Of course, there is no doubt that the special act of Congress was, in one sense, a law of the United States. It well may be that it would fall within the meaning of the same words in the third clause of the same section: "cases involving the constitutionality of any law of the United States." Parsons v. District of Columbia, 170 U. S. 45. But it needs no authority to show that the same phrase may have different meanings in different connections.
Some reasons for strict construction apply here. We are entirely convinced that Congress intended to effect a substantial relief to this Court from indiscriminate appeals where a sum above $5,000 was involved, and to that end repealed the former act. See Carey v. Houston & Texas Central Ry. Co., 150 U. S. 170, 150 U. S. 179; Cochran v. Montgomery County, 199 U. S. 260, 199 U. S. 272-273. But all cases in the District arise under acts of Congress, and probably it would require little ingenuity to raise a question of construction in almost any one of them. If, then, the words have the meaning given them by the applicants, the appellate jurisdiction of this Court has been largely and irrationally increased. We believe Congress meant no such result.

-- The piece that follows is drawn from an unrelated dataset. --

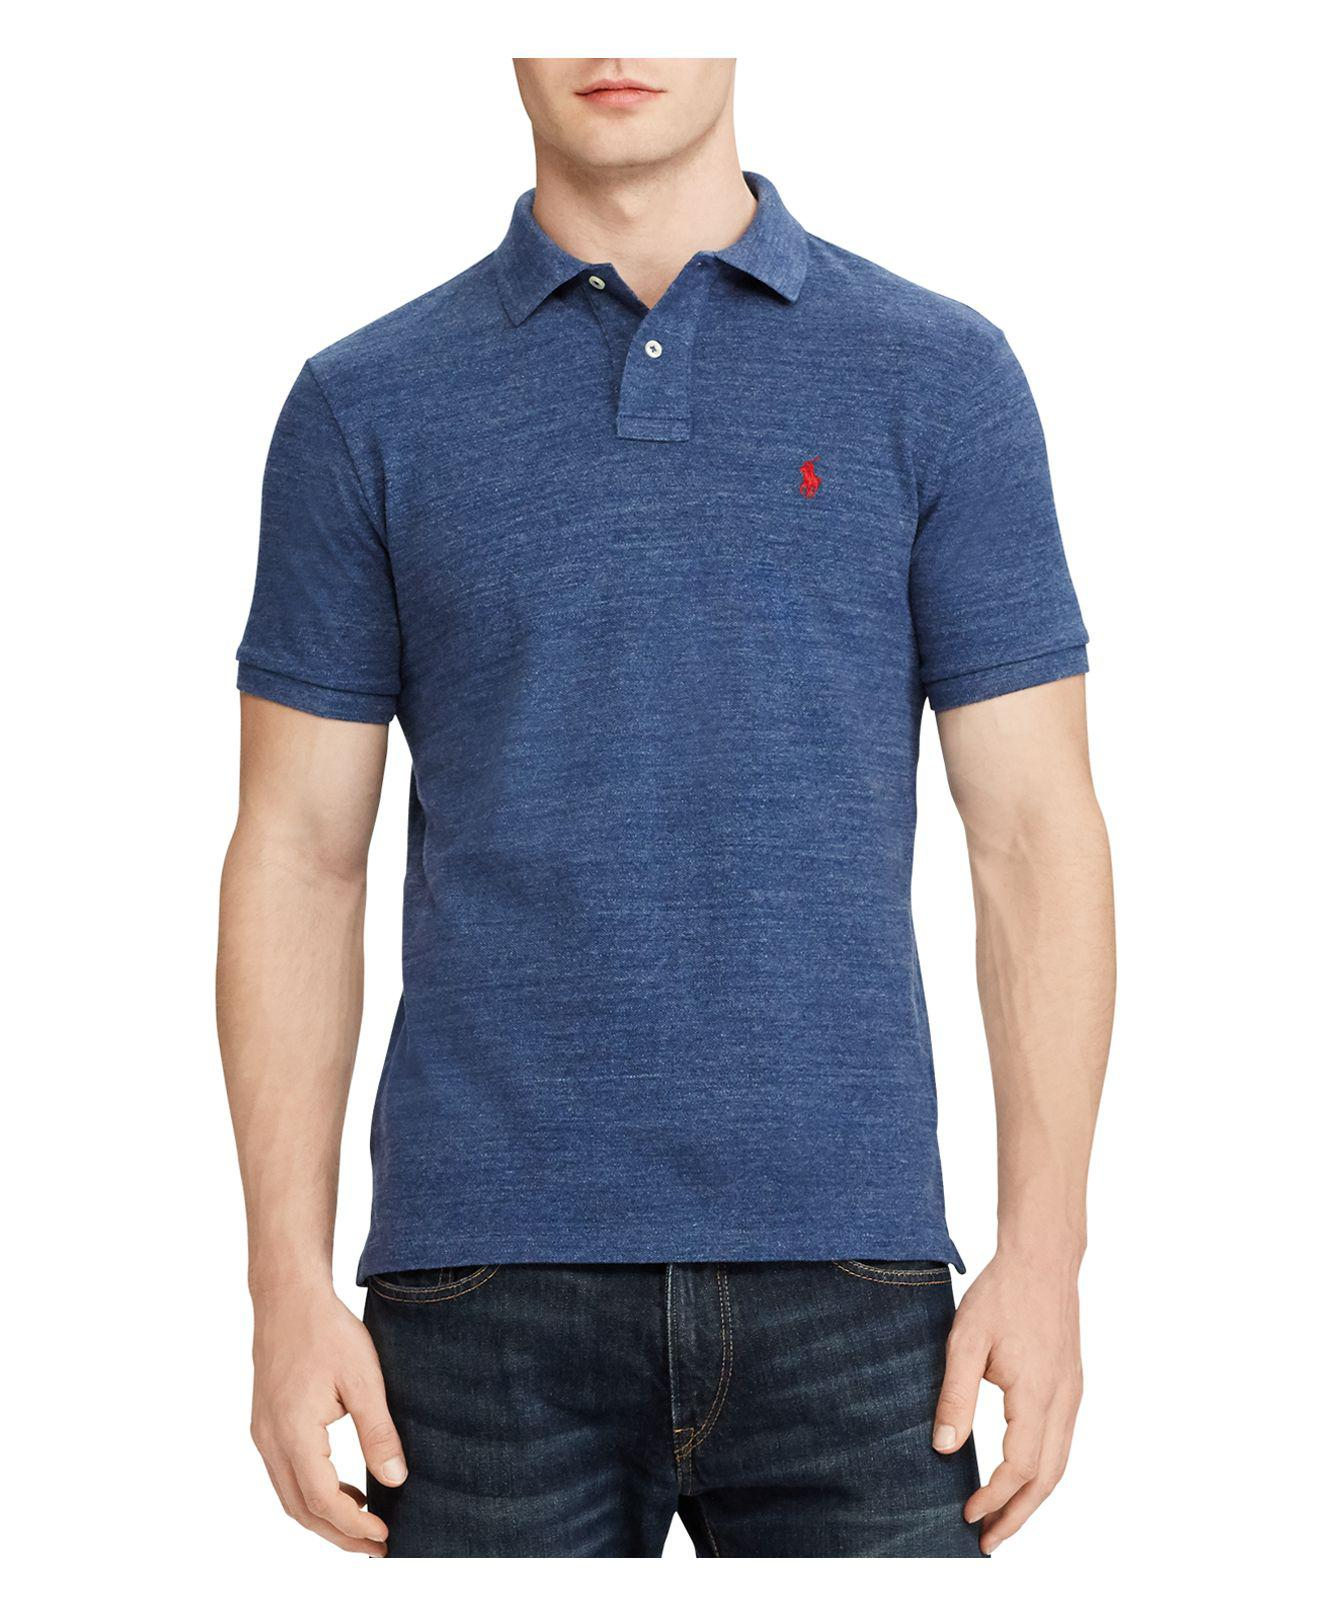 Polo Ralph Lauren. Men's Blue Cotton Mesh Custom Slim Fit Polo Shirt

A well known example of construing a statute not to include a case that indisputably was within its literal meaning, but was believed not to be within the aim of Congress, is Church of the Holy Trinity v. United States, 143 U. S. 457; we may refer further to Cochran v. Montgomery County, ubi supra. In the case at bar, if the words "construction of any law of the United States" are confined to the construction of laws having general application throughout the United States, the jurisdiction given to this Court by § 250 is confined to what naturally and properly belongs to it. If they are construed the other way, it would have been less arbitrary to provide that every question of law could be taken up. That they were not to be understood as the applicants contend is to be inferred not only from the sense of the thing, but from clause first: "In cases where the jurisdiction of the trial court is in issue," with provision for certifying that question alone. It is difficult to imagine a case in which the jurisdiction of the trial court is in issue where the construction of a special law of the United States would not be drawn in question.